The 8 December 2020 case (French: Affaire du 8 décembre 2020) refers to the arrests of nine French citizens who had joined the Kurdish People's Defense Units (YPG) by French authorities in December 2020. Having volunteered to fight with the Kurdish forces against the Islamic State and having returned to France in 2018, they were designated as far-left extremists by the General Directorate for Internal Security and were arrested in a series of raids on 8 December 2020. Seven of the nine were then criminally charged with associations with terrorism. The case is the first far-left terrorist case to be brought to court in France since the trial of Action Directe in 1995, and has been marked by controversies over mistreatment of the accused in detention and about the strength of the evidence.[1]
Several dozen French citizens have travelled to Syria since 2015 to join Rojava forces in the fight against Islamic extremists Daesh.[2] In September 2019, Mediapart reported that French intelligence had placed a number of those volunteers under surveillance.[3]
The case involved nine French citizens who had volunteered with the YPG. Police considered the leader of the nine to be Florian D., also known by the pseudonym Libre Flot, a former volunteer French teacher in the Calais Jungle before leaving to Rojava in 2017 to volunteer with the YPG.[4] Simon G. was a former pyrotechnician at Disneyland. Loïc M., William D. et Bastien A. had previously met Florian D. at the Zone to Defend at the Sivens Dam project.[5] Camille B., originally from Brittany, was the only woman among the accused.[6]
On 8 December 2020, at six in the morning, the General Directorate for Internal Security (Direction générale de la Sécurité intérieure, or DGSI) and the RAID conducted raids to arrest nine French citizens who had returned from Rojava, in Syria, in 2018. Those nine had all travelled to Rojava to join the YPG to assist in the fight against Daesh.[7] National Centre for Counter Terrorism head Laurent Nuñez claimed that the arrests demonstrated that there was an increased risk of far-left extremism in France.[8]
After being detained for three days, two of the arrested were subsequently released, whereas the other seven (six men and one woman, all in their early 30s) were charged with criminal association with intent to commit terrorist acts. A police source claimed to newspaper Sud Ouest that the arrested were "trying to purchase weapons, were training, and preparing explosives," and that they had vague undefined plans to target "the police or the military."[9] [10]
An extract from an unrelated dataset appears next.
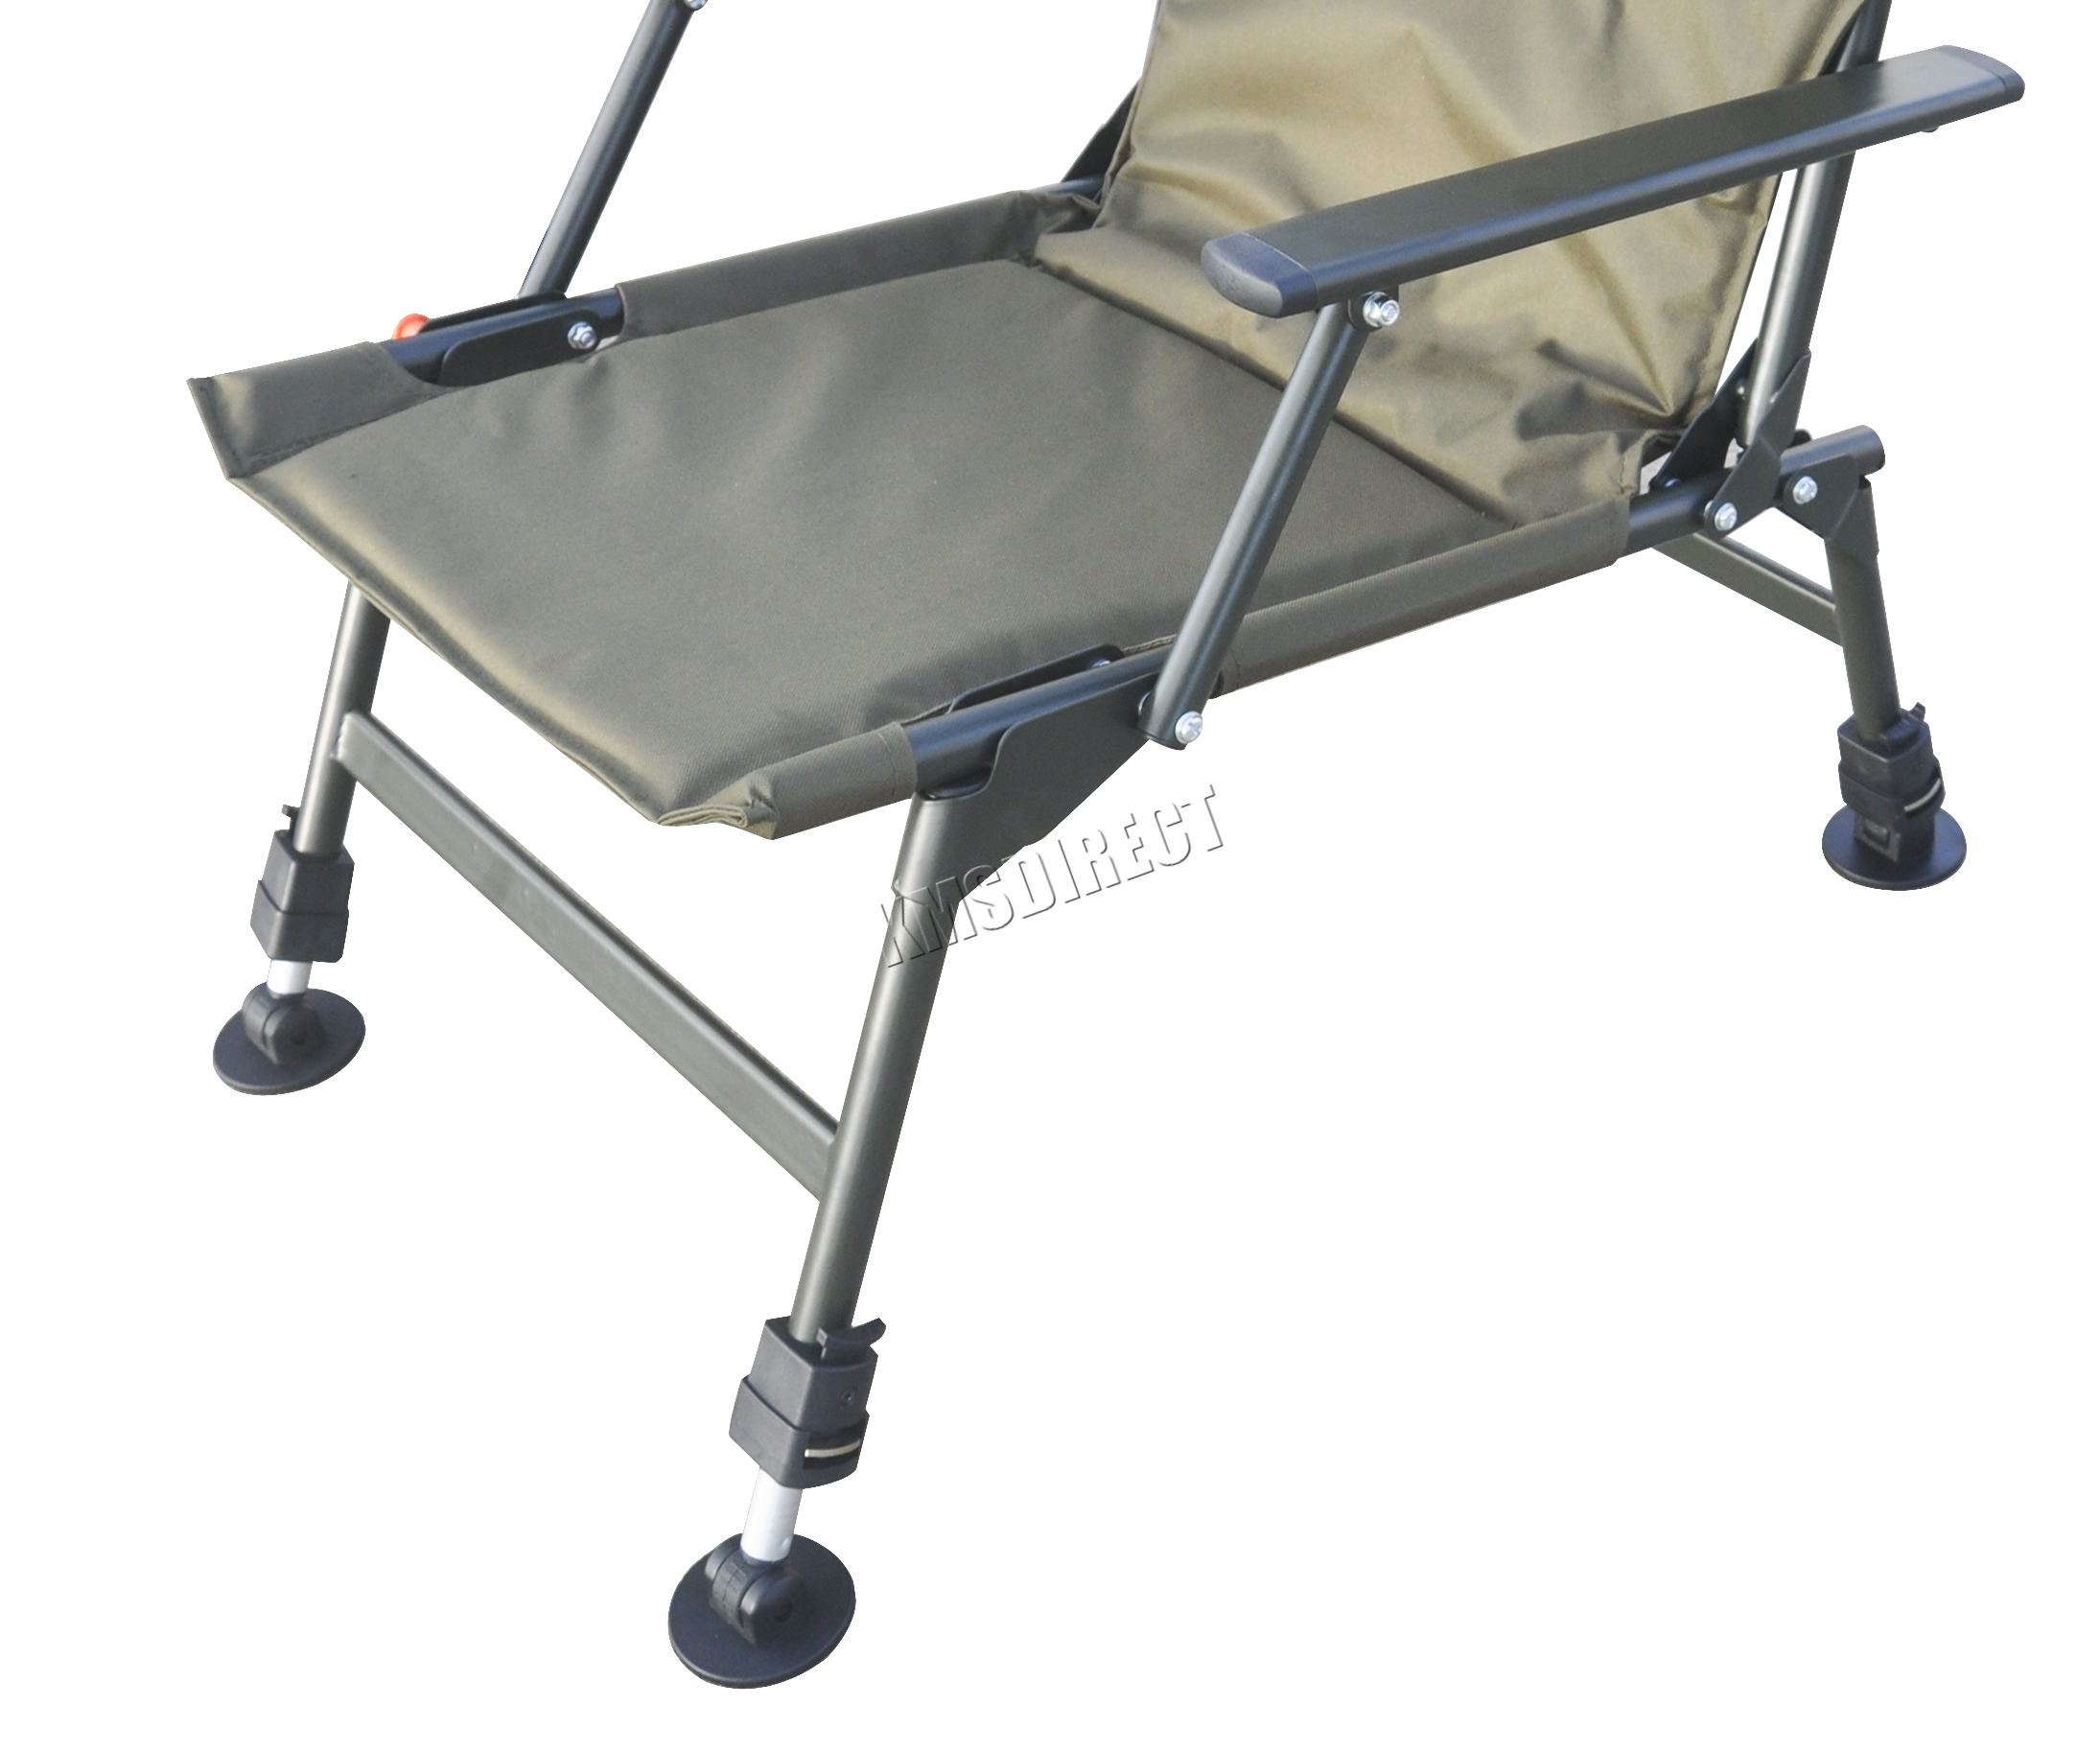 folding chair legs salon chairs portable carp fishing camping heavy duty 4

After a few months, however, only Florian D., was still under detention.[11] He was conditionally released for health reasons in April 2022.
In October 2023, the trial of the seven accused began at the 16th court of the Tribunal judiciaire de Paris.
In late February 2022, Florian D. began a hunger strike in protest against the poor conditions and the solitary confinement of his detention.[12] [13] In his letter, he stated that it had been "more than 14 months that I’ve been buried alive in a hellish and permanent solitude without having anyone to talk to" and that the director of detentions of the prison he was being held in had told him that his "placement and my maintenance in solitary confinement were decided from the first day by very high ranking people and that whatever I say or [the director of detentions] says or does, nothing will be done about it."[14] After being hospitalised due to the hunger strike, he was conditionally released for health reasons on 7 April.[15] [16]
During four months of detention, the only woman among the accused underwent nineteen full-body strip searches and claimed to have been threatened with sexual assault. On 8 March 2023, she was issued 200€ compensation after a French court found two of the strip searches illegal.
The charges brought against the seven have been controversial, and have been compared to the Tarnac Nine.[17] [18] [19]
Monde diplomatique journalist Philippe Baqué has stated that none of the objects claimed by the police to be material for explosives seized during the arrests were particularly uncommon or unusual to be owned, and that, as of April 2021, the police have yet to release clear evidence of intent to commit terrorist acts.[20] One of the arrested wrote in Lundi Matin that, contrary to police claims, they had not been an organised group and their detentions were the first time some of them had met.[21] Harrison Stetler and Rona Lorimer of The Nation stated that the accused "had no identifiable plan whatsoever to commit acts of violence" and that the trial was "about dusting off France’s anti-terrorism statutes to target activists on the left," comparing it to the French government's forced dissolution of environmentalist group Les Soulèvements de la Terre in 2023, in which the group was targeted with anti-terrorist police raids.[22]
Isabelle Sommier of Paris 1 Panthéon-Sorbonne University stated that arrests seemed politically motivated, "to demonstrate that the state is doing something" against recent demonstrations that had broken out in violence.[9]
French digital rights NGO La Quadrature du Net cited this case as an example for the attempt to outlaw the use of encryption.[23]